## [Recorded data]
-=-=-=-=-
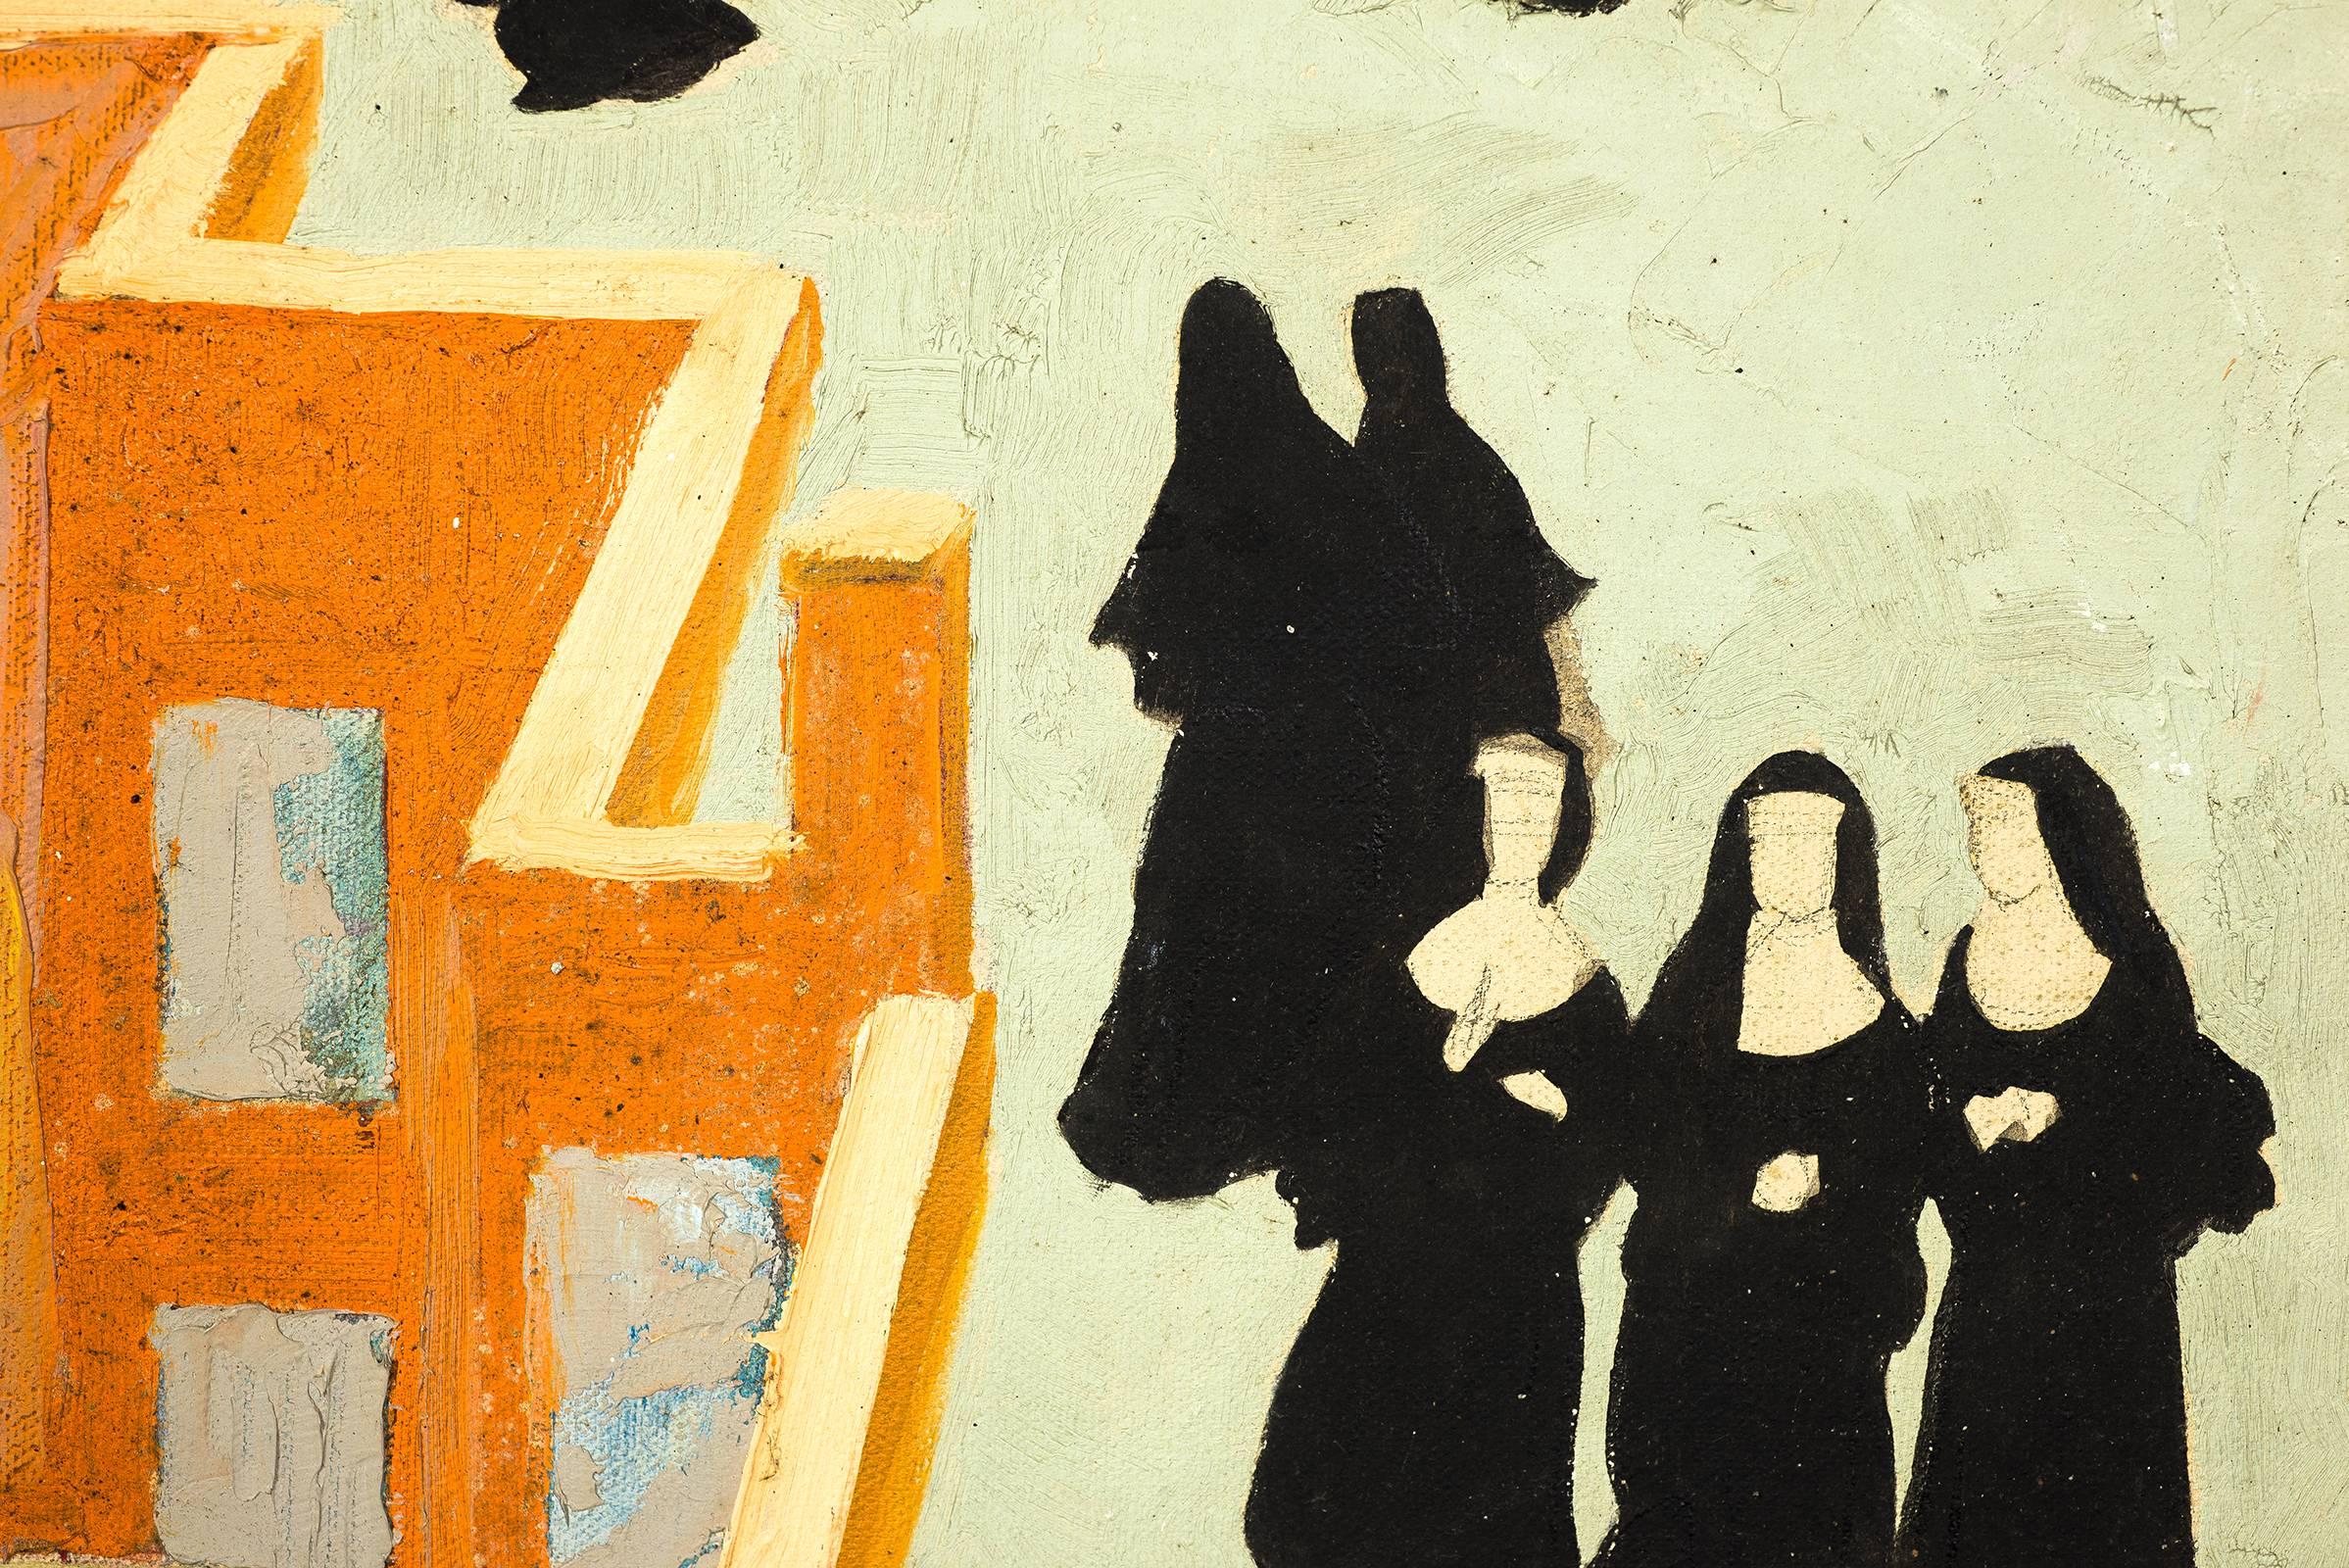 Nuns on Rooftop - Painting by Unknown
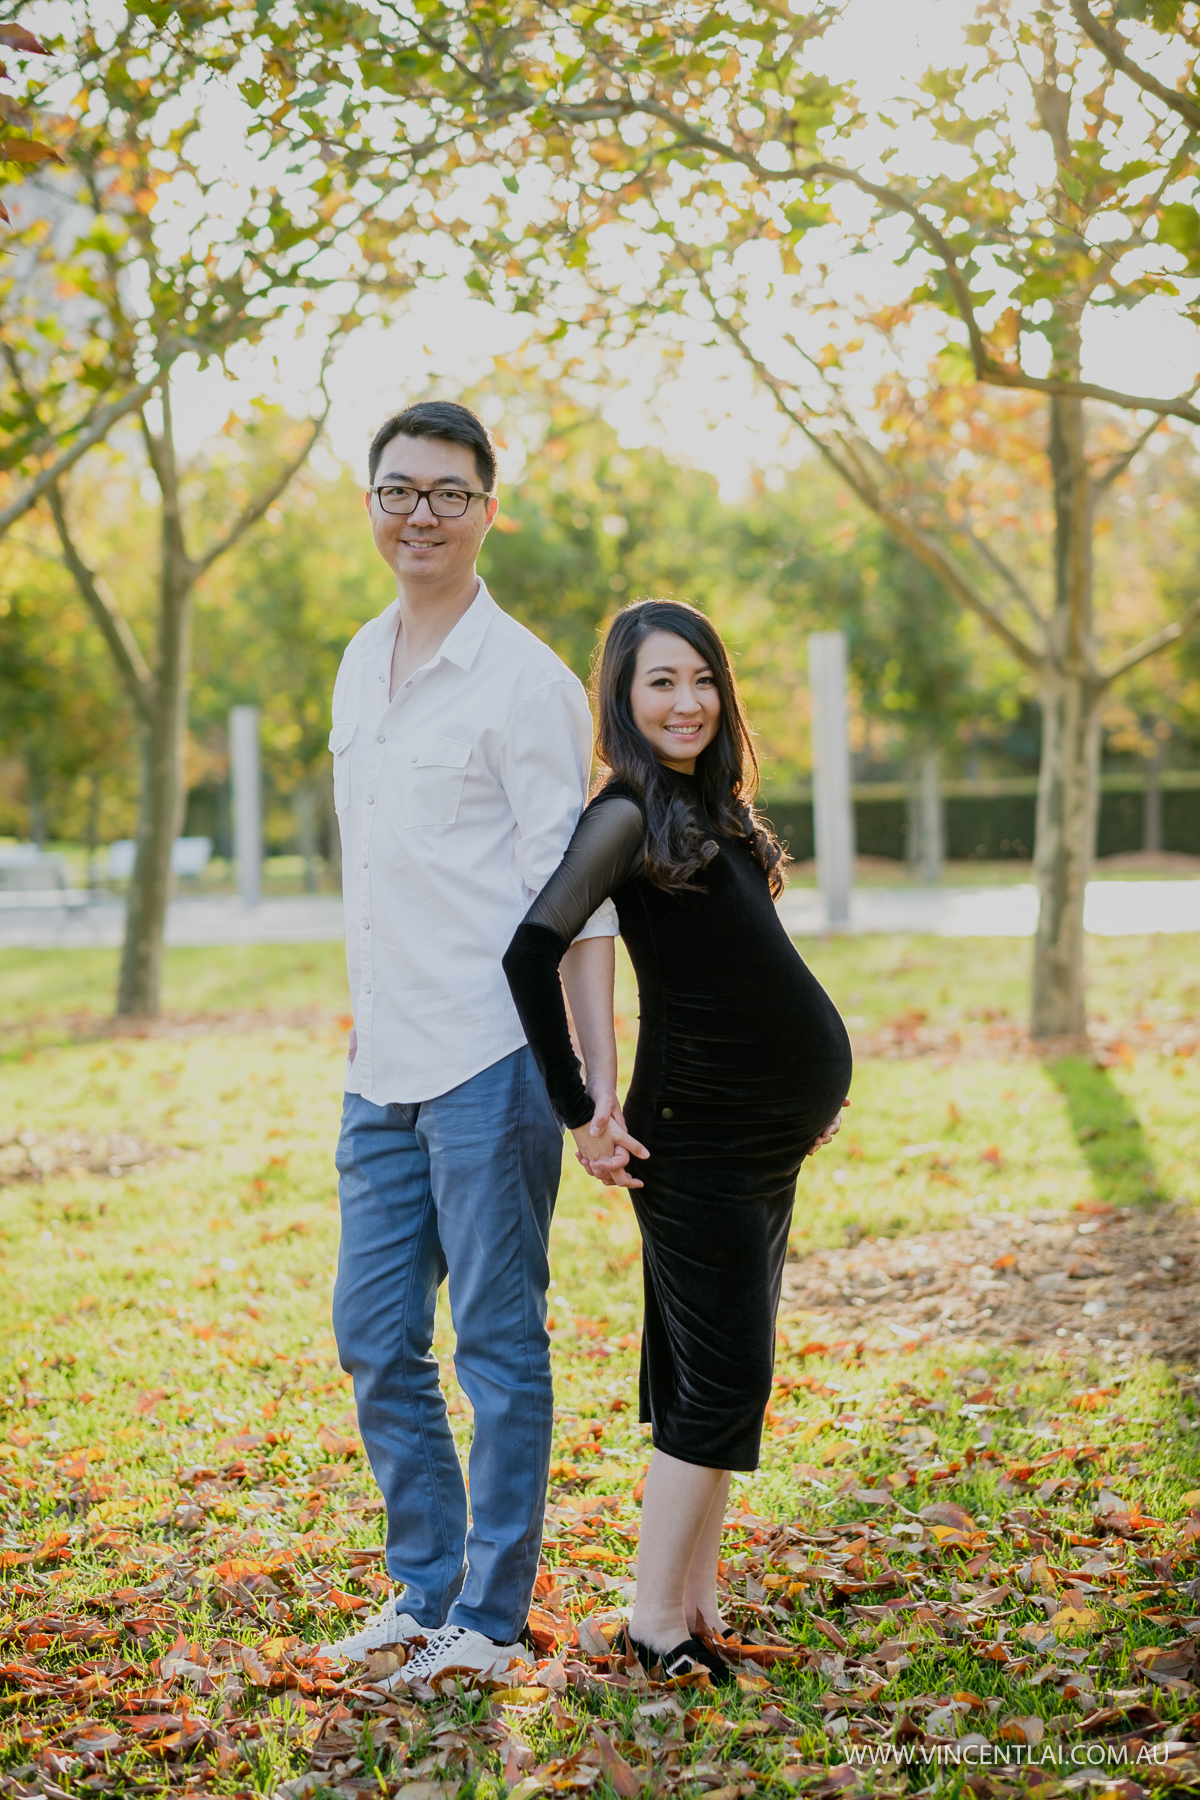 Autumn Maternity Photography Session
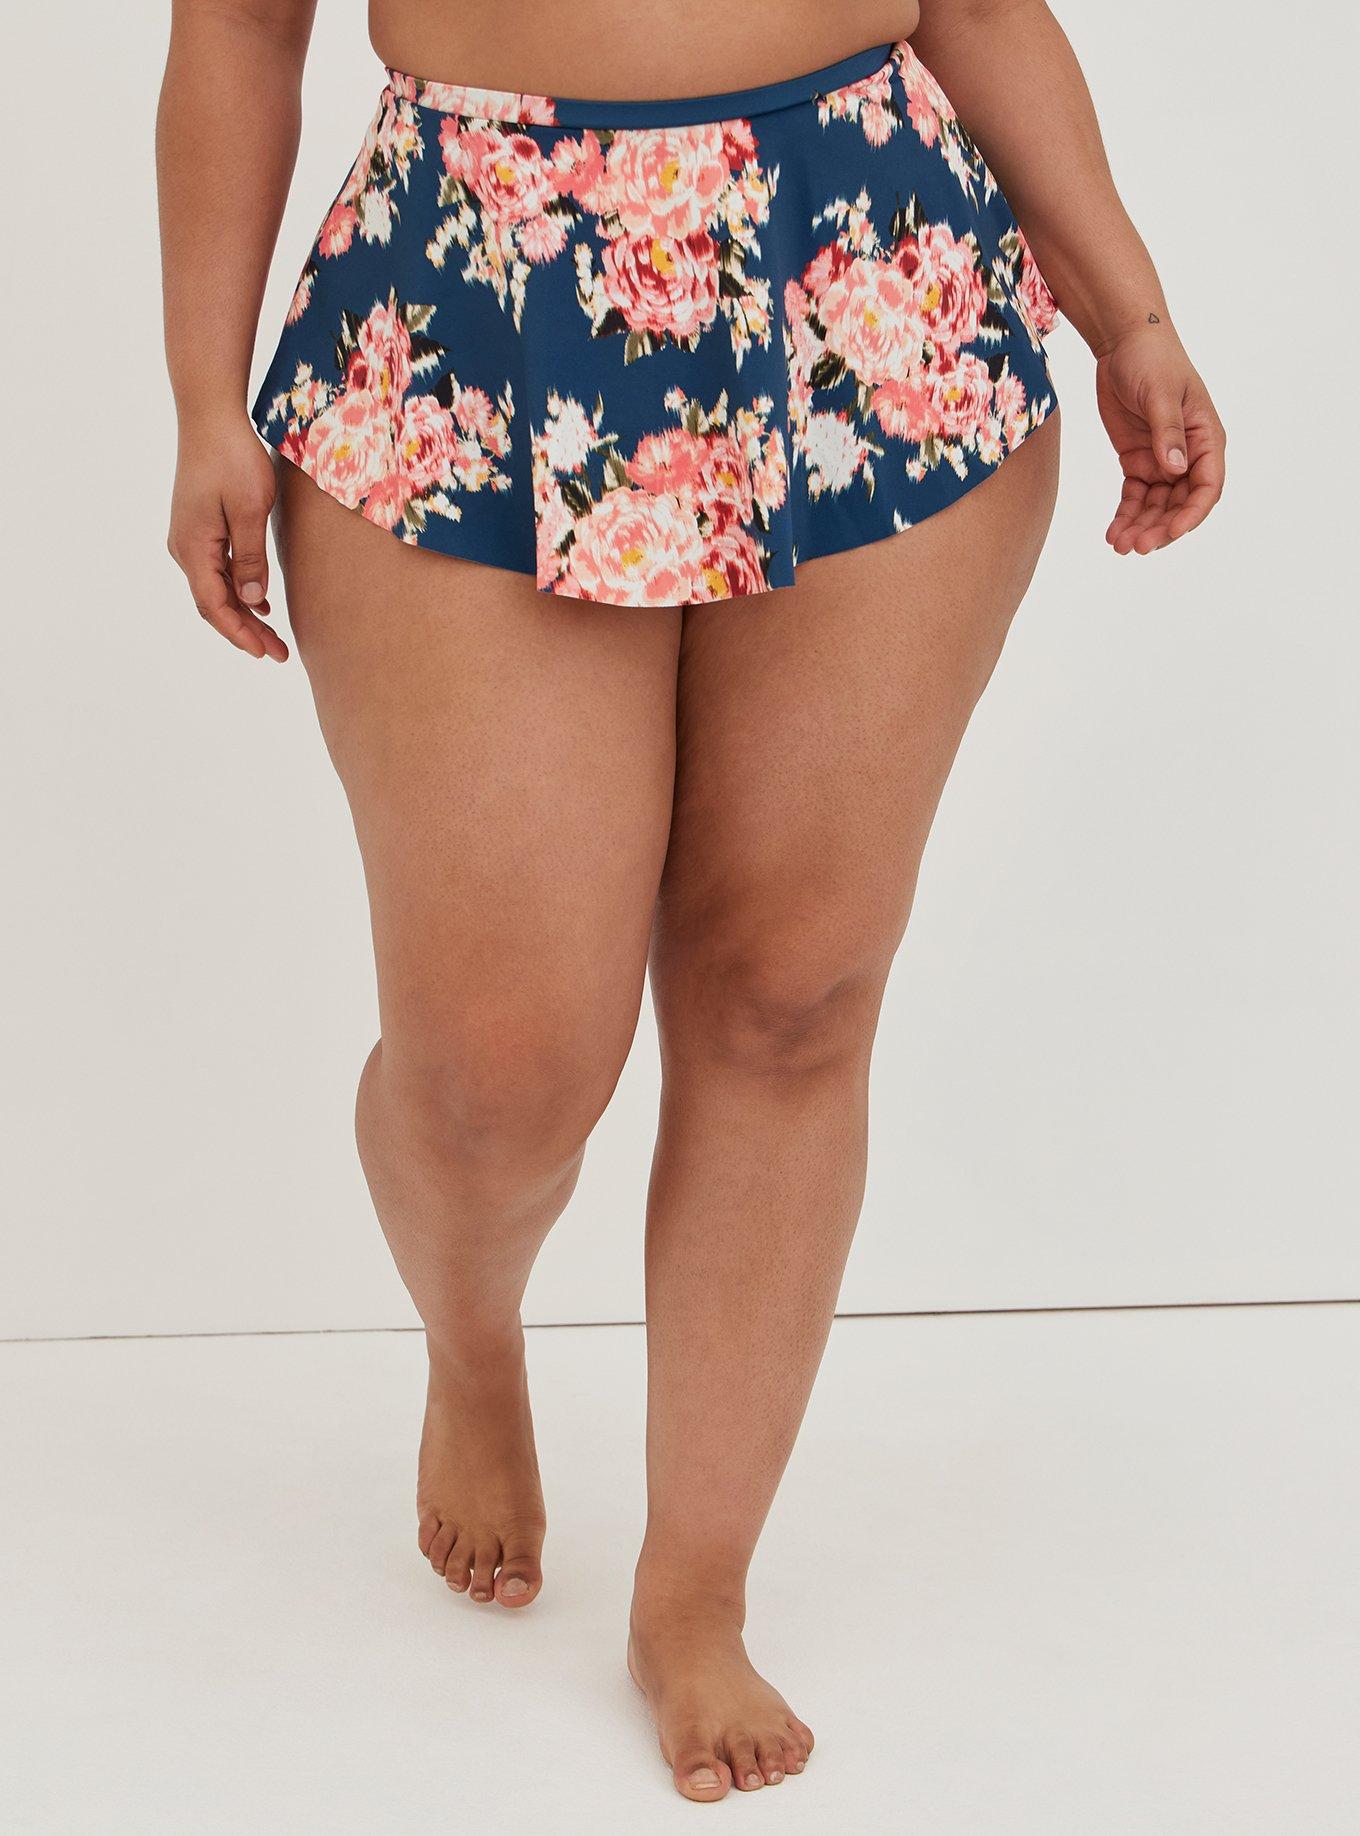 Plus Size - High-Rise High-Low Swim Skirt With Brief - Torrid
-=-=-=-=-
## [Work to be completed]
The required output is the listing above reproduced exactly, pictures removed.

## [Response to the task]
 Nuns on Rooftop - Painting by Unknown
 Autumn Maternity Photography Session
 Plus Size - High-Rise High-Low Swim Skirt With Brief - Torrid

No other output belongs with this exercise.